Leetcode #498: Diagonal Traverse

In this guide, we solve Leetcode #498 Diagonal Traverse in Python and focus on the core idea that makes the solution efficient.

You will see the intuition, the step-by-step method, and a clean Python implementation you can use in interviews.

Leetcode

Problem Statement

Given an m x n matrix mat, return an array of all the elements of the array in a diagonal order.
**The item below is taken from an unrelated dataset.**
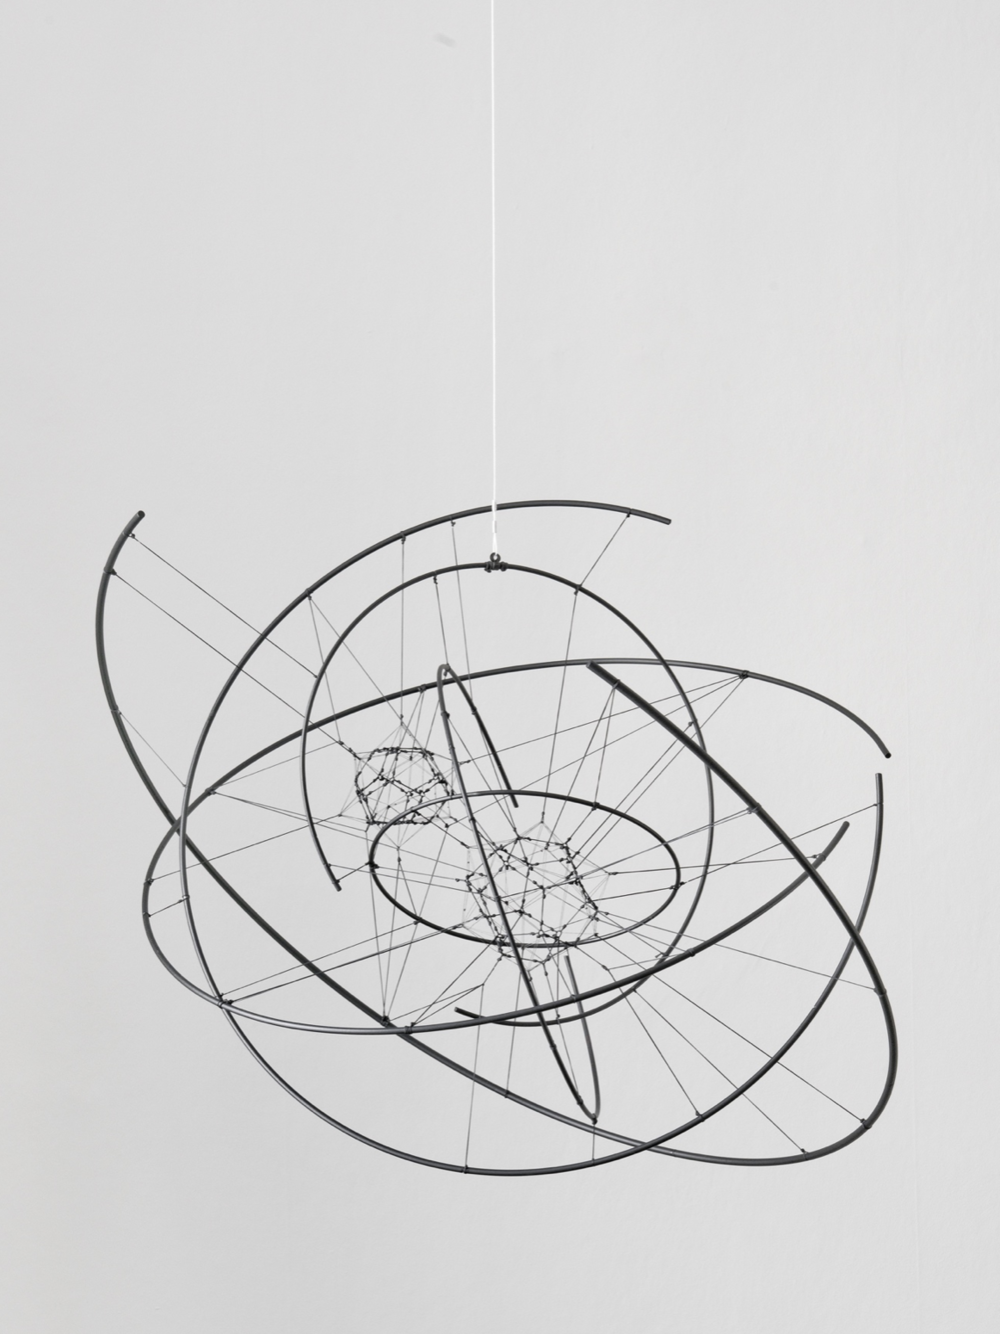 Tomás Saraceno - Zonal Harmonic 2N 60/6, 2017, Carbon fibre, rope, glue

Example 1: Input: mat = [[1,2,3],[4,5,6],[7,8,9]] Output: [1,2,4,7,5,3,6,8,9] Example 2: Input: mat = [[1,2],[3,4]] Output: [1,2,3,4] Constraints: m == mat.length n == mat[i].length 1 <= m, n <= 104 1 <= m * n <= 104 -105 <= mat[i][j] <= 105

Quick Facts

Difficulty: Medium
Premium: No
Tags: Array, Matrix, Simulation

Intuition

Grid problems are easiest when you define clear row/column boundaries.

A consistent traversal order prevents off-by-one errors.

Approach

Iterate by rows, columns, or layers depending on the requirement.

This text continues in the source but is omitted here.